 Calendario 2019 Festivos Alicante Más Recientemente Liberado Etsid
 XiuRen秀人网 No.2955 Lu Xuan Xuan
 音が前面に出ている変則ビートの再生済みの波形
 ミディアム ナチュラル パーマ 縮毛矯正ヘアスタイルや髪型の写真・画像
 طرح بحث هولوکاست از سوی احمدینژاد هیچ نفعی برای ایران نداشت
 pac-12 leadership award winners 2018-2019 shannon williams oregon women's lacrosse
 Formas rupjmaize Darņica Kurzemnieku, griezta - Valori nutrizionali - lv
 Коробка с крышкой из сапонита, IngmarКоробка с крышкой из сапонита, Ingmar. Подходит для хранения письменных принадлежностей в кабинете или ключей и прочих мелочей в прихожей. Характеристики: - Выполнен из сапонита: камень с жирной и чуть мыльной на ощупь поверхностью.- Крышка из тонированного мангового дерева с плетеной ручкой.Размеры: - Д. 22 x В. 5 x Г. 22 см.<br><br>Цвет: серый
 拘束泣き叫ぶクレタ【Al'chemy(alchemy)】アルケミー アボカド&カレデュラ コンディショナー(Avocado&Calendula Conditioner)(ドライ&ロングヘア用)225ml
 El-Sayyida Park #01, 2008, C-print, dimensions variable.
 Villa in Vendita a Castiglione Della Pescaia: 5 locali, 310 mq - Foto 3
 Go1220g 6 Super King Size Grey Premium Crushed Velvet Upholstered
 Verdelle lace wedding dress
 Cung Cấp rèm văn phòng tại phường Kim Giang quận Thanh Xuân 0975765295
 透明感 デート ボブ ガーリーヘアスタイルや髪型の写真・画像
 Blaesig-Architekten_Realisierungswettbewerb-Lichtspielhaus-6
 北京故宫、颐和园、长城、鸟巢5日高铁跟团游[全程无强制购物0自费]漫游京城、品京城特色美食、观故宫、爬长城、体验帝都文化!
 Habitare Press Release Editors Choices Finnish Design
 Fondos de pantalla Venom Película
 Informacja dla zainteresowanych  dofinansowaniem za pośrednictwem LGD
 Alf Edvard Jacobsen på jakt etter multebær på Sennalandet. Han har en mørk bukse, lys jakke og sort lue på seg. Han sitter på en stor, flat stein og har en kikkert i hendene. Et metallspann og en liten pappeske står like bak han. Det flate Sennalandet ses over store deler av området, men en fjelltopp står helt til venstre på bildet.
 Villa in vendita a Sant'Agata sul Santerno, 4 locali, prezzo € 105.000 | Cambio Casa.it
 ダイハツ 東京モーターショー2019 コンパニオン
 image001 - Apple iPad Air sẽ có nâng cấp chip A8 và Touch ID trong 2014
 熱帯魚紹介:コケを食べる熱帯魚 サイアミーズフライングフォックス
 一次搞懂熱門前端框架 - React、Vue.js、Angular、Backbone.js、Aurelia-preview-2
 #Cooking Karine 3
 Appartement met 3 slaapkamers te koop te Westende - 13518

• _About this task_: Each line of the records that contains the string "Villa" must be copied.

• _Task answer_:
 Villa in Vendita a Castiglione Della Pescaia: 5 locali, 310 mq - Foto 3
 Villa in vendita a Sant'Agata sul Santerno, 4 locali, prezzo € 105.000 | Cambio Casa.it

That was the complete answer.